За жандармским офицером стоит исправник, кажется, Фальковский, а ближе к дверям спальни -- жандармы, городовые и еще какие-то люди.
Меня одолевает сильное беспокойство за мать.
"Знает ли она?" "Что с нею?" "Где она?"
Я употребляю все усилия, чтобы не обнаружить волнения, и утешаю отца.
-- Вы не беспокойтесь... Это, вероятно, какое-то недоразумение...
-- Да я не беспокоюсь...
Но ясно видно, что он испуган непривычным явлением.

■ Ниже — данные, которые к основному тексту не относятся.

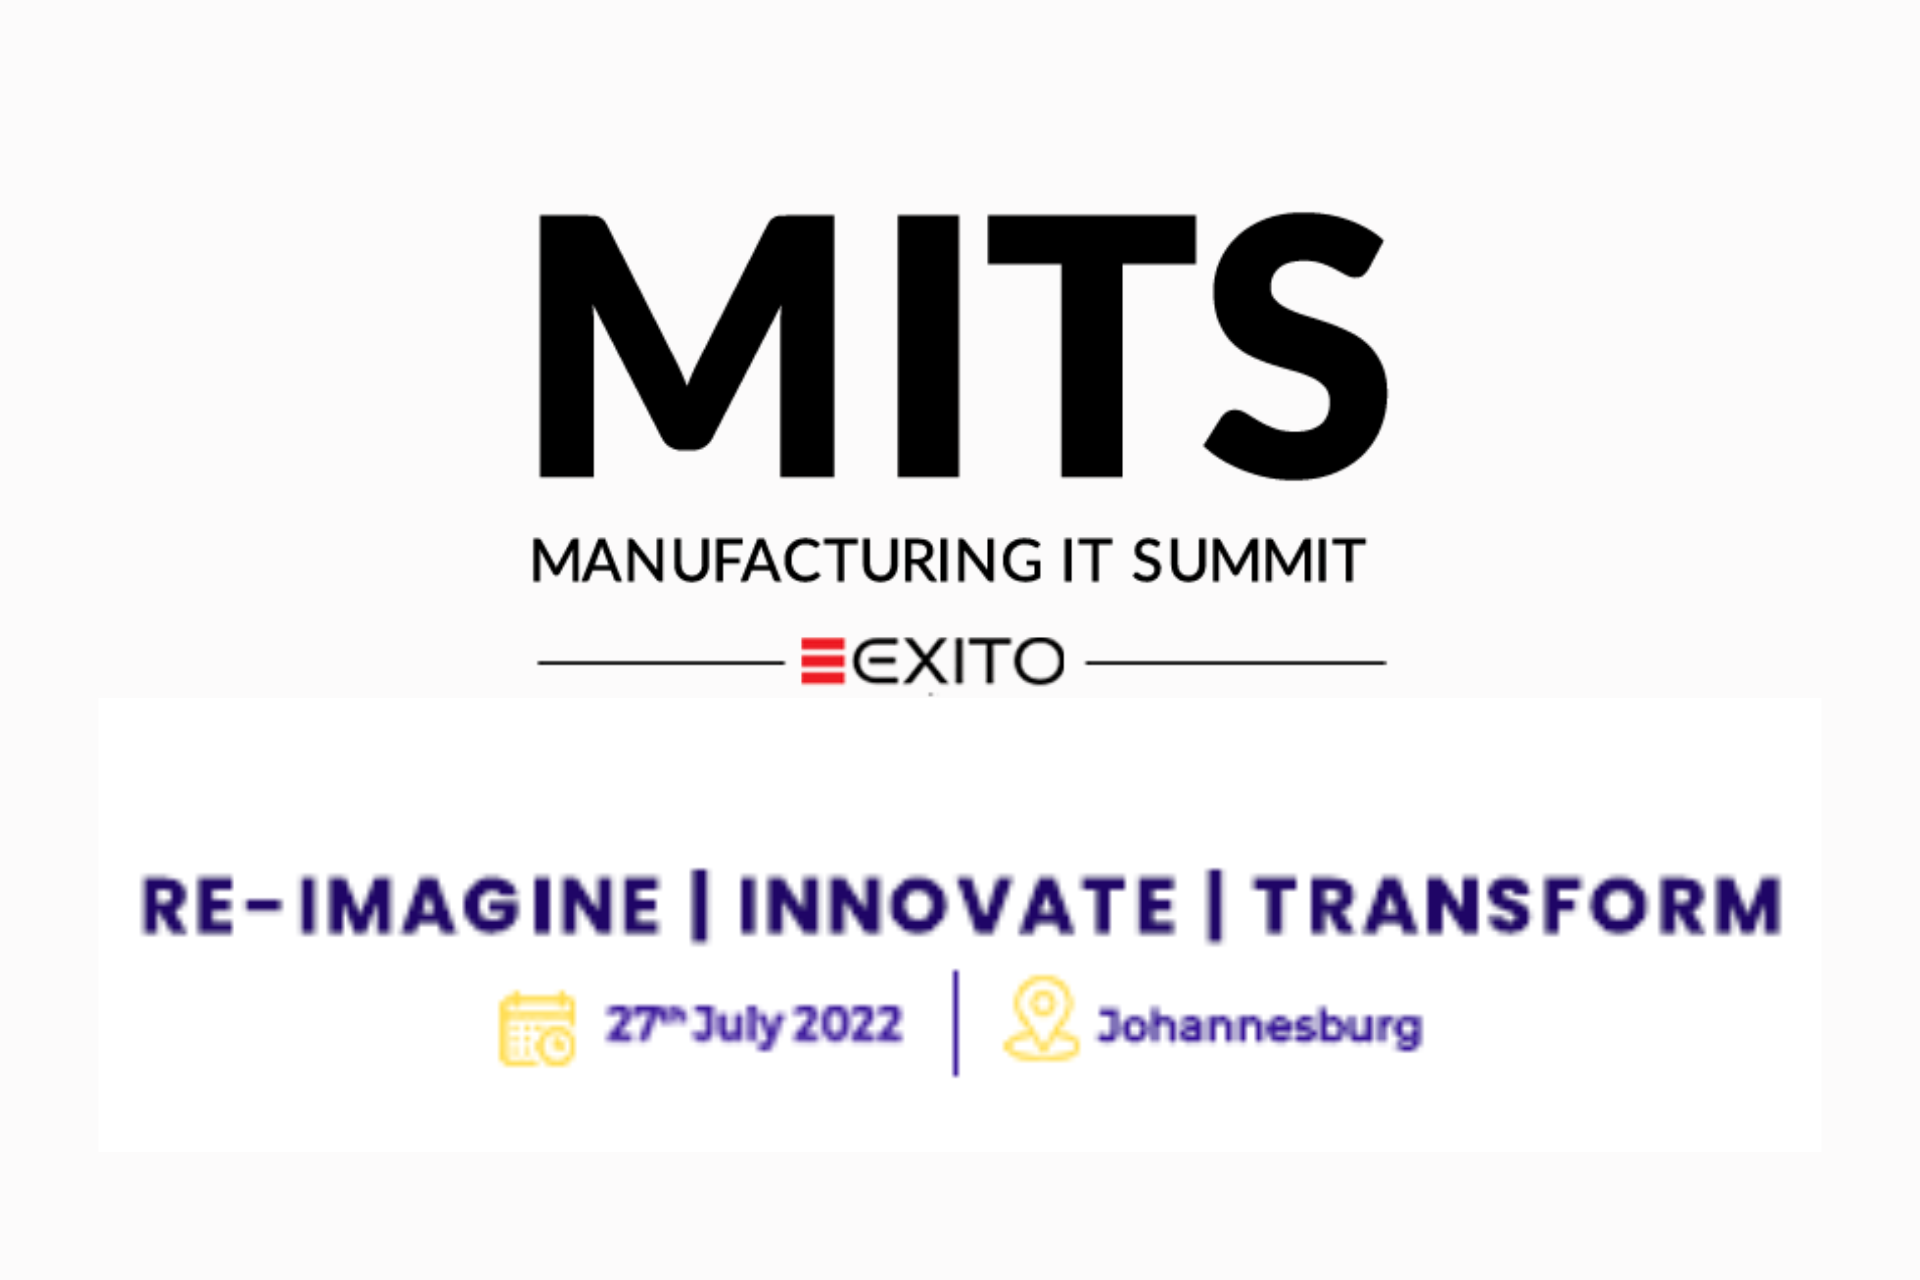 20th Edition of MITS South Africa Physical Conference on 27th July 2022

А офицер зорко смотрит за каждым моим движением.
Наконец я оделся.
Офицер повторяет:
-- Мне предписано произвести у вас обыск.
-- Вижу и чувствую.
-- Где ваша комната?
-- Везде и нигде.
-- Каким образом?-- (Всматривается в меня внимательно).
-- Я на время заехал к родным погостить, возвратившись недавно из-за границы.
-- Но... но где, то-есть в какой комнате вы проводили время, занимались и так далее?
-- В этой, в кабинете отца.
-- Мы приступим...
-- Сделайте ваше одолжение.
Началось...
-- Это мои бумаги,-- заметил отец, видя как привычные руки переворачивают вверх дном его "дела".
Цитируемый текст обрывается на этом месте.